The DDR refers to the former East Germany.

The recent Thuringian rise of the Die Linke, a democratic descendant of the communist party which ruled old East Germany, has stirred emotions in Germany.

Critics of Die Linke accuse some party members of having former links to the Stasi, East Germany's notoriously cruel secret police, and even German President Joachim Gauck has chosen to break with the normal neutrality of his office and has recently questioned Die Linke's ability to govern.

"People of my age who lived through the DDR find it quite hard to accept this," said Gauck in a November television interview.

A club for nostalgists

But Ramelow himself has repeatedly stressed that his party is not a representative of the East German political thought.

"My party isn't a club of nostalgists who want to resurrect East Germany," Ramelow has been quoted in several European media outlets.

Also, the coalition contract, signed by the three parties in the “red-red-green” arrangement, includes a clear statement that the East German DDR was a "state of injustice."

In his opening speech to the parliament in Erfurt Friday, he said: ”In the latest days I have often been told, that today would be a historic moment, but it's not. The historic moment was exactly 25 years ago, here in Erfurt, as the men and women of the city peacefully occupied important authorities offices and started the procedure that makes me possible to stand here today.”

He was referring to the events of December 1989, when the Erfurt State Security District Headquarters was occupied, as the first of a series of similar occupations during the last weeks of the oppressive DDR regime.

Asking for forgiveness

Also, Ramelow directly addressed the victims of the East German regime and asked for forgiveness.

The fear of the “return of the communists” is an exaggeration, says head of the German Social Democratic Party, or the SPD, Sigmar Gabriel to Frankfurter Allmeneine Zeitung Friday, calling the demonstrations in front of the Thuringian parliament hysteric.

“It is nonsense to act as if Bodo Ramelow, elected on Friday, now intends to reinstall DDR-Socialism”, Gabriel said.

Whether this new left-wing government in Thuringia is a sign of a rise of the radical left, or proof that the left party has gotten its act together and now can cooperate politically, remains open for discussion.

But the reawakening of old grievances in Thuringia seems to be a fact.

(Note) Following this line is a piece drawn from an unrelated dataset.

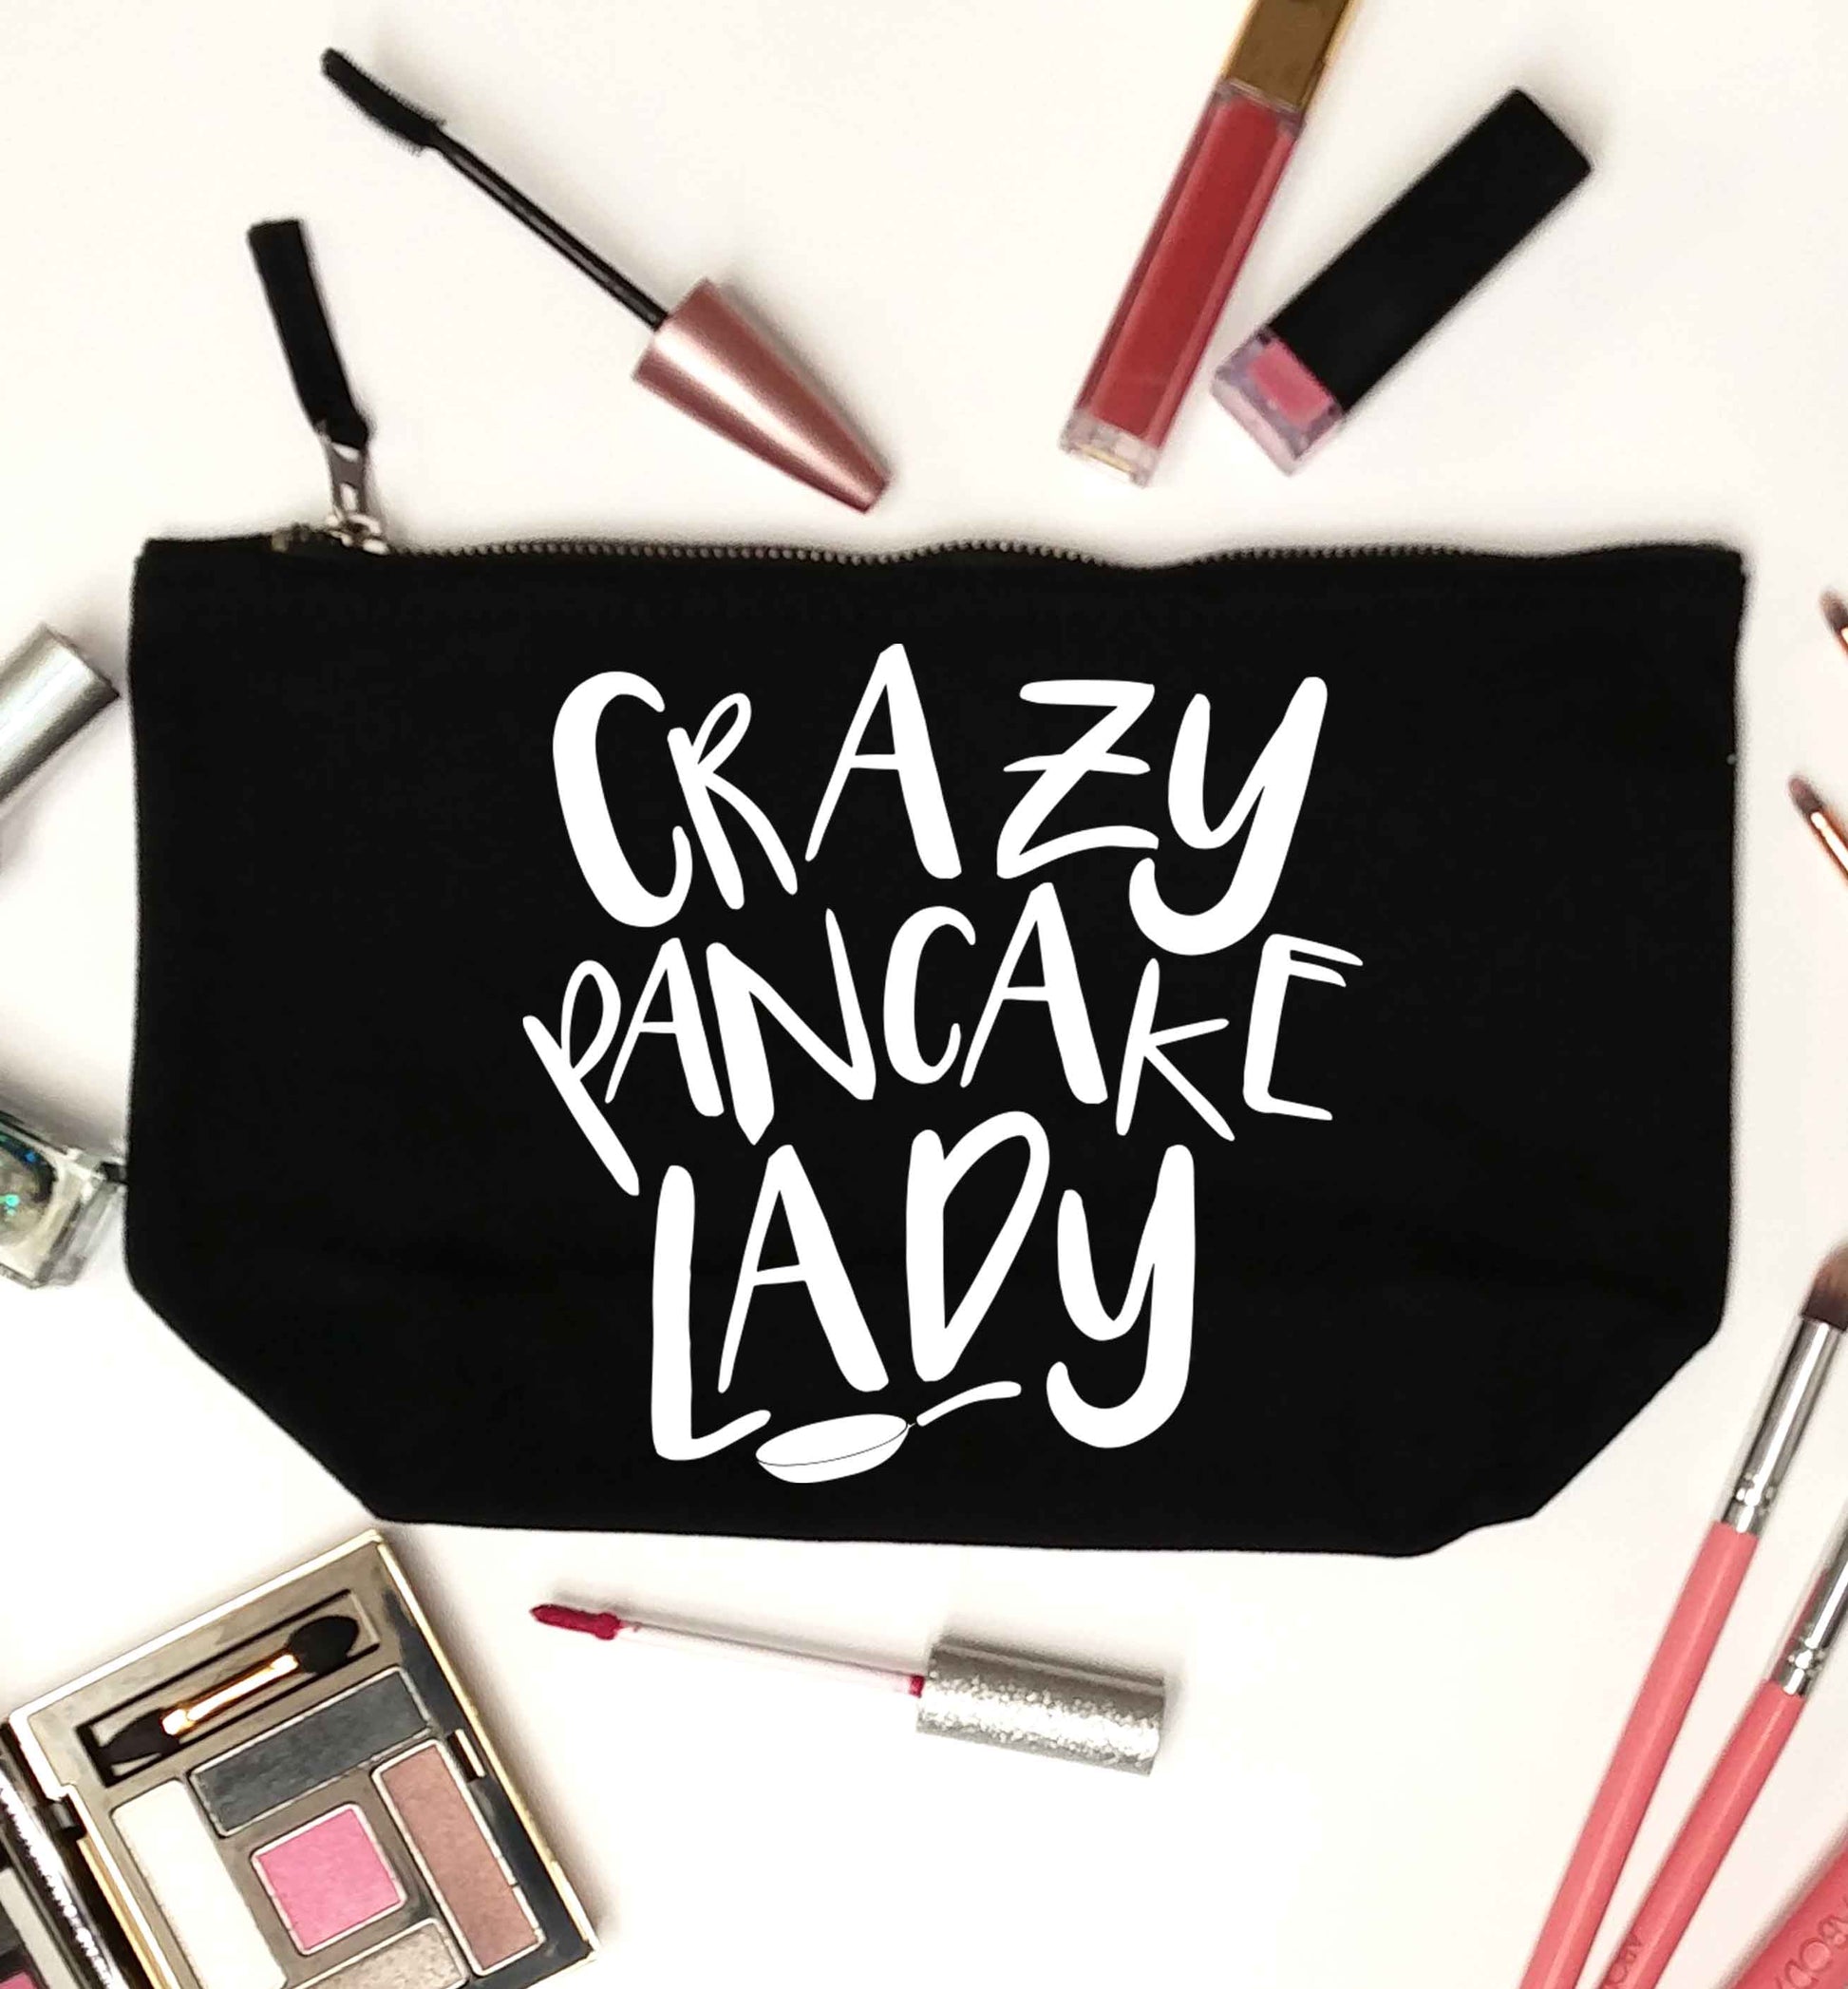 Crazy pancake lady black makeup bag
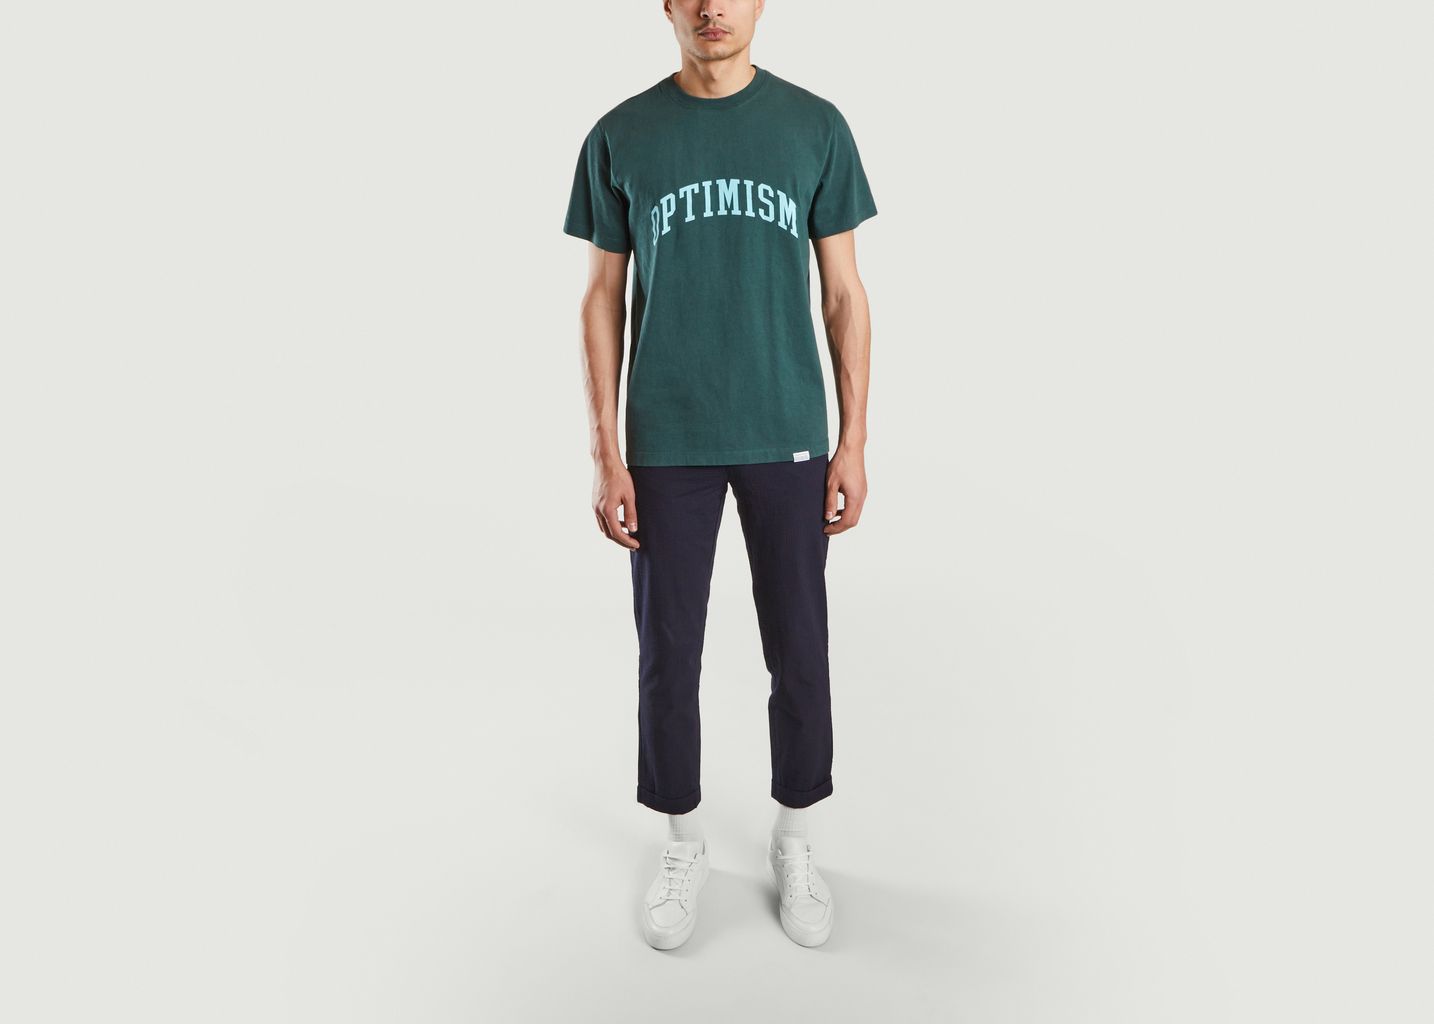 T-shirt imprimé Optimism - Edmmond Studios

As is the end of a 24-year reign over Thuringia by Chancellor Angela Merkel's conservative Christian Democrats party, or the CDU.

Cold War paranoia

"The Cold War paranoia breaking out in Thuringia is bizarre, you get a feeling it's a state bordering Russia and that Soviet tanks now stand ready to roll in," said Gero Neugebauer, political scientist at Berlin's Free University, told Reuters.

"The reality is that Die Linke taking control of a state is a big step toward more German unity," he added.

Former editor-in-chief at the Thuringer Allgemeinen Sergej Lochthofen told German newspaper Taz.de Friday that he expects normal business.

“Come Monday, the people of Thuringia will get back to their normal business and stick with the prime minister that they've got,” he said.

Up till now, Thuringia has been governed by coalitions dominated by the CDU. Die Linke has also been represented in other regional governments in Germany, but has never been in a position to lead one.

Pariah-like status

At a national German level, it is now being discussed whether the Thuringian “red-red-green” coalition model can be seen as “a possible change of politics” within Die Linke, which until now has almost a pariah-like status in the eyes of many mainstream German politicians.

Die Linke is historically rooted in the Marxist–Leninist “Socialist Unity Party of Germany” that ruled former East Germany. But though the party has reorganized and changed its name, it is still fighting to shake its past as successor to East Germany's communist party.

At the last general elections in Germany in 2013, Die Linke got 8.6 per cent of the votes, but in five of the 16 German federal states, mostly in the former East Germany, the support from the voters lies above 20 percent, topping with the recent result in Thuringia of 28.2 percent of the votes.